What this task involves: Repeat the listing below exactly from the line with "Some of the current items" through its last line. Skip every picture.
--- Information supplied ---
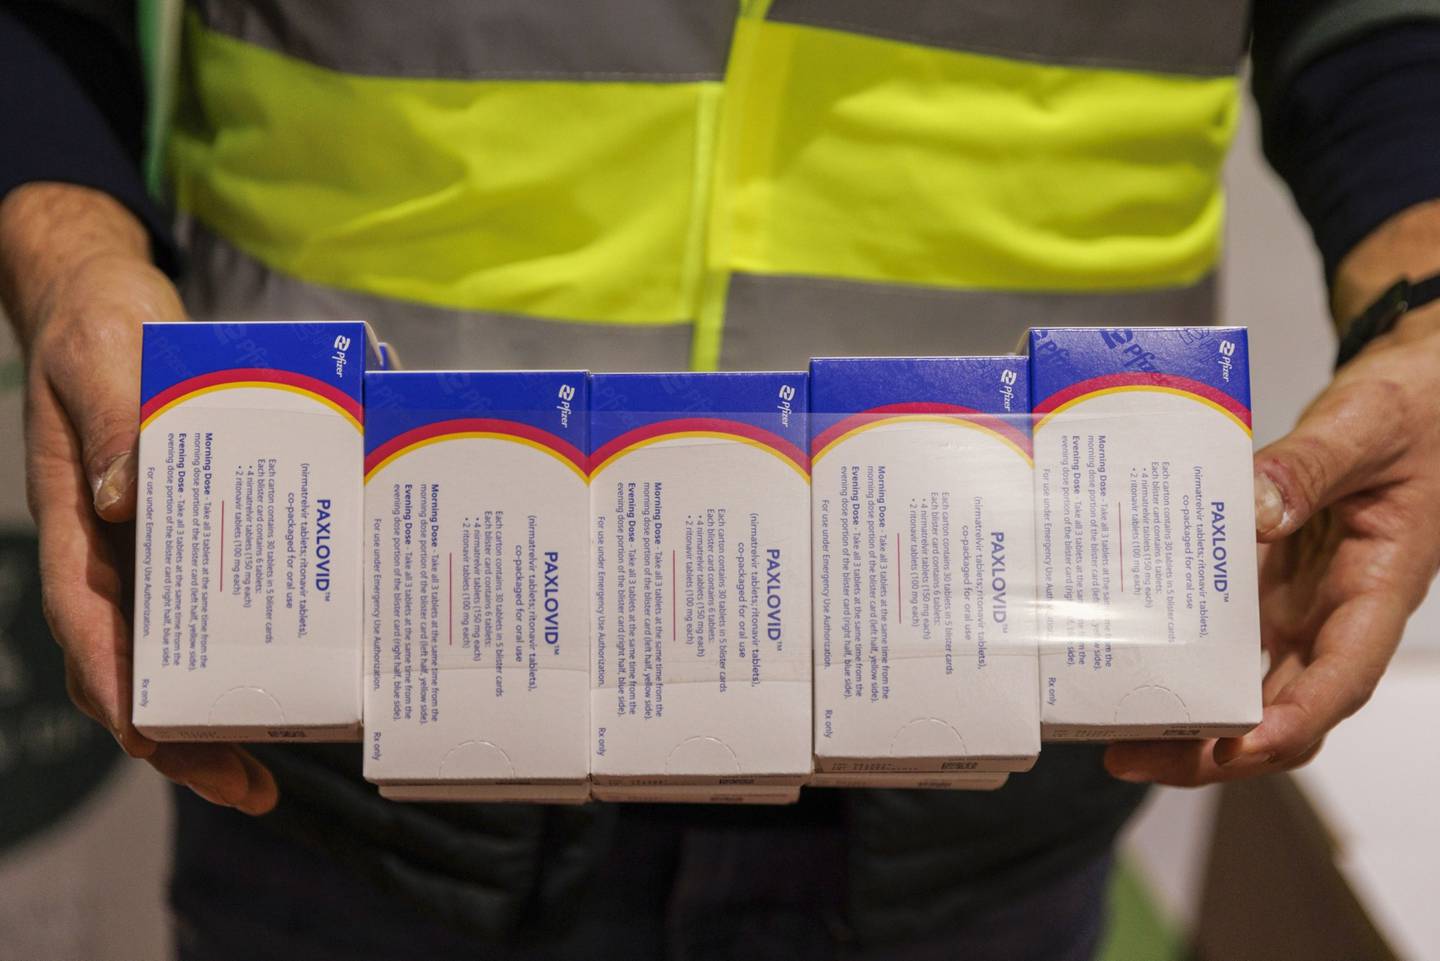 A worker unpacks boxes of Pfizer Inc.s Paxlovid antiviral medication in a warehouse in Shoham, Israel.
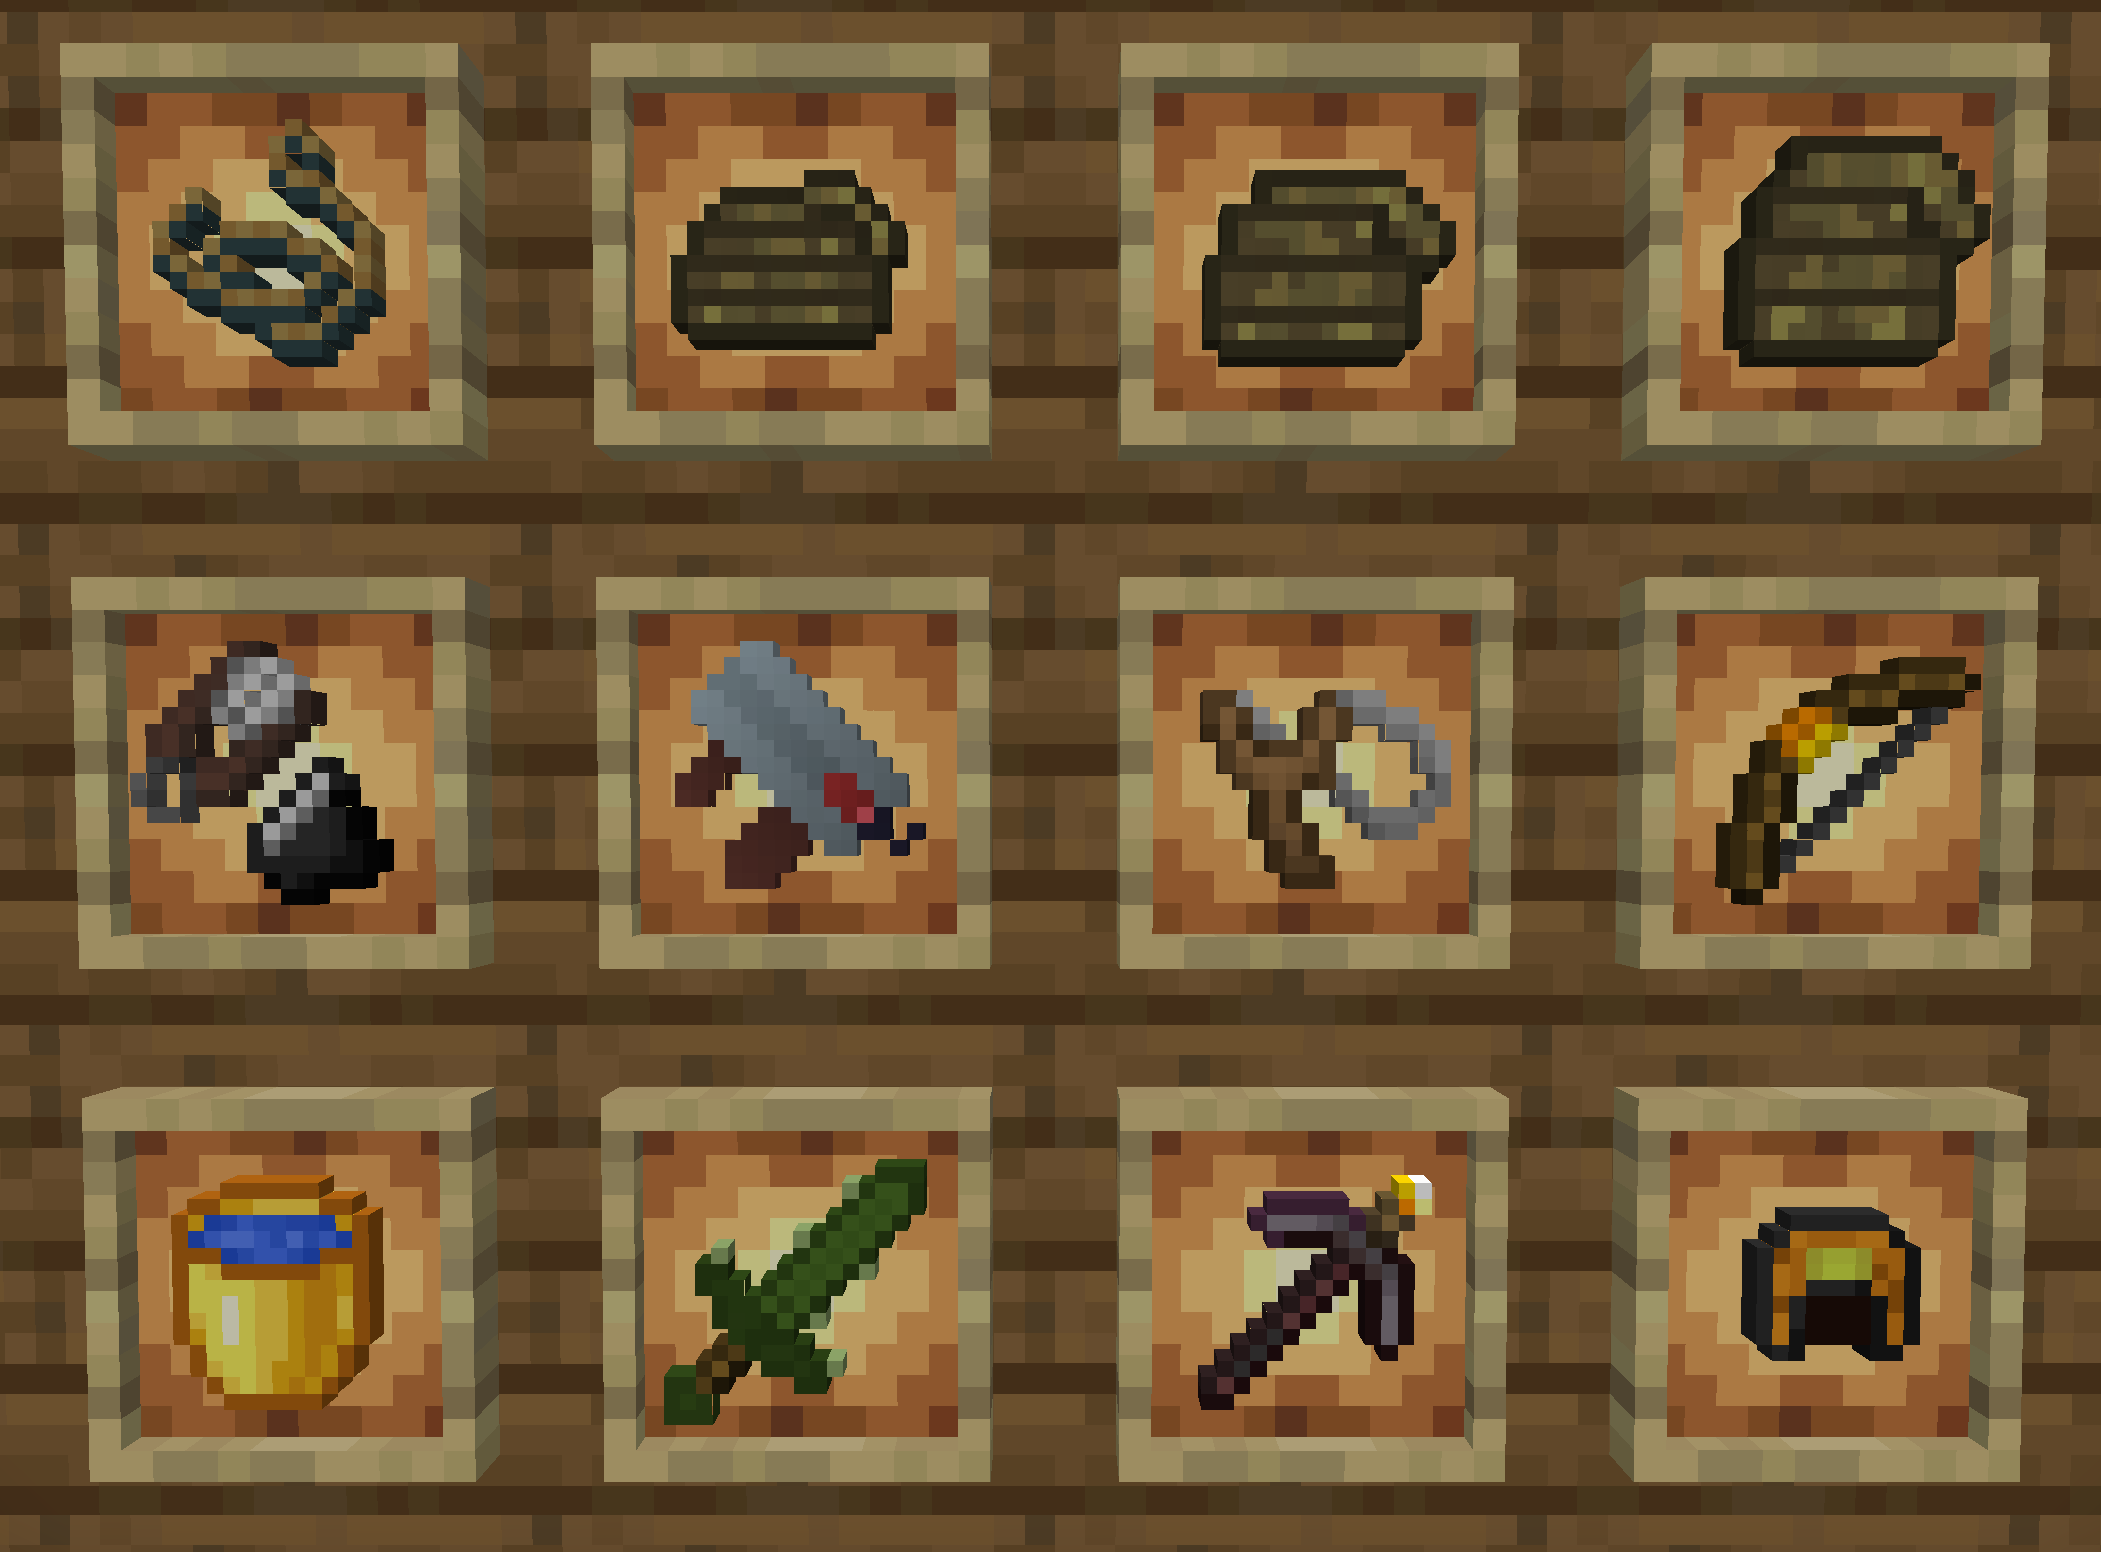 Some of the current items
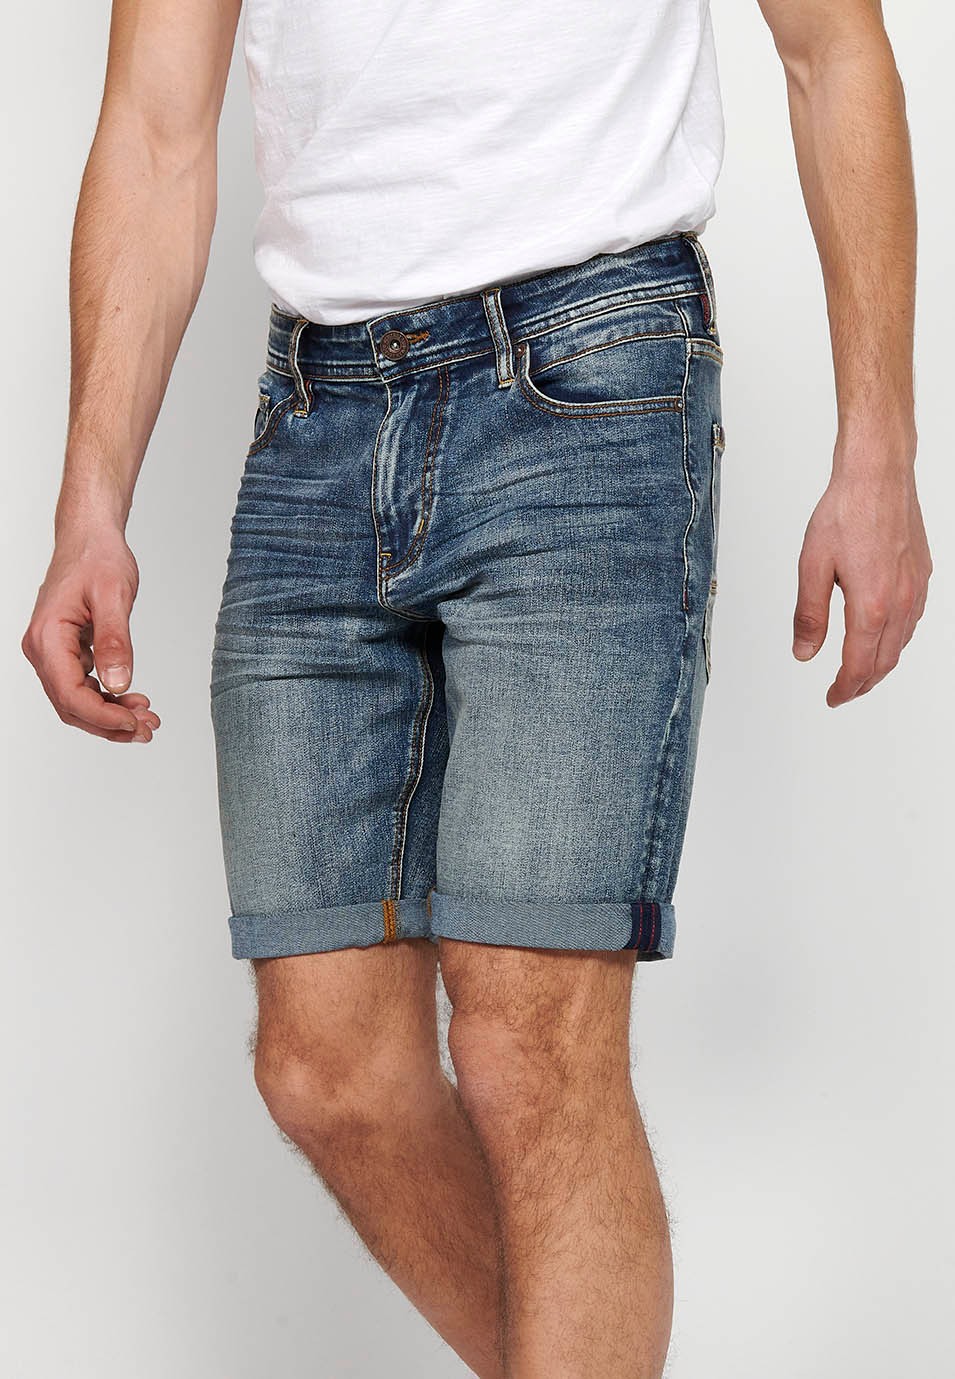 Denim Bermuda Shorts with Front Closure with Zipper and Button with Five Pockets, One Pocket Pocket, Blue Color for Men 1
---
Worked solution:
 Some of the current items
 Denim Bermuda Shorts with Front Closure with Zipper and Button with Five Pockets, One Pocket Pocket, Blue Color for Men 1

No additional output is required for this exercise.